# Betta channoides outside tub??



## Mcbettas (Sep 22, 2016)

I've been reading up on keeping tubs outside for the summer and how many people are having success at it. So I'm ready to give it a try with a "wild" twist to it. 
This leaves me wondering, has anyone kept wild bettas outside. I live in south florida so the weather year around doesn't go too drastic, and the rains would give me a softer water than what I get from tap. Also mosquitos larve and microorganisms would tribe with aquatic plants year around. The only thing holding me back is the temperature, I've read that B. Channoides need a rage of 73 - 86 degrees, and as you all know tanks/tubs would fluctuatate throughout the day. I took one of my thermometer and sticked it outside in a trail tub (with no fish) and as of 7:40 the water was on 84 F, it's usually hit by the sun in the morning but the rest of the day is on shade....
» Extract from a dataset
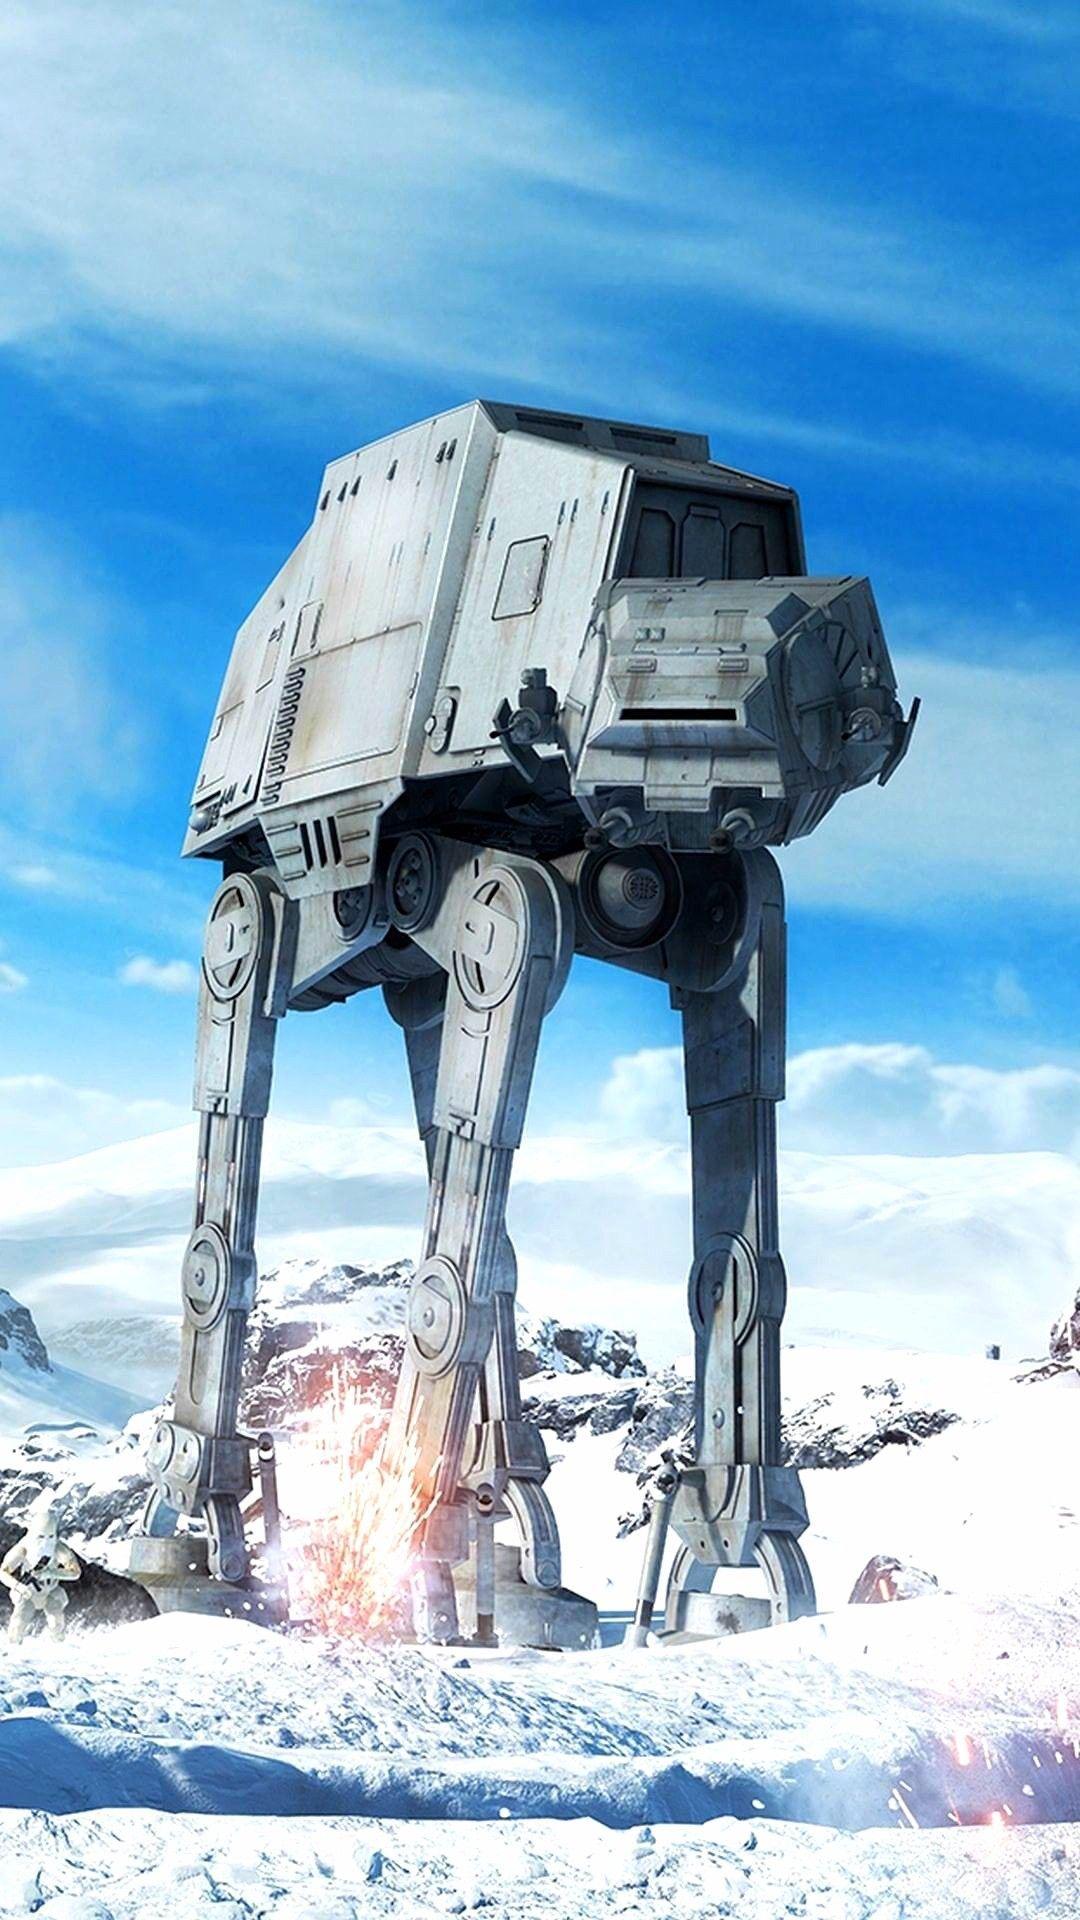 Star Wars At At Iphone 1080x1920 Download Hd Wallpaper Wallpapertip

If anyone has experience with outside wild betta keeping please let me know anything I should be getting ready for. Feel free to correct me if I got anything wrong and/ or give me advice to another betta species (mouth brooder if possible) that would be great for me.

Thanks for your time


----------



## Mcbettas (Sep 22, 2016)

Ps. I'm new to wild bettas so if you can leave easy species that would be great for me and my conditions. I don't have the B. Channoides yet so I could easily change my species to another mouthbrooder or bubble nester than can be kept in large groups.

The tub is 18 gallon, the Ph can be lower if I add almond leaves , and the harness would be low due to rain water with half (or even less) tap water.


----------



## blueridge (Jul 1, 2011)

I've never kept wild bettas outside, but I do keep outdoor tubs. I say go for it! Since you live in Florida, and as long as your tubs mostly stay in the shade, I would think you shouldn't have too many problems. You'll definitely want to keep floating plants too, like duckweed, water lettuce, etc. And definitely either a small holed net or some type of lid so they don't jump out. I can't wait to see what you do!


----------



## Nismo83 (May 9, 2015)

if the tub is big enough the water temperature should be quite constant with dense top floater plants.. just need to be careful of them jumping..


----------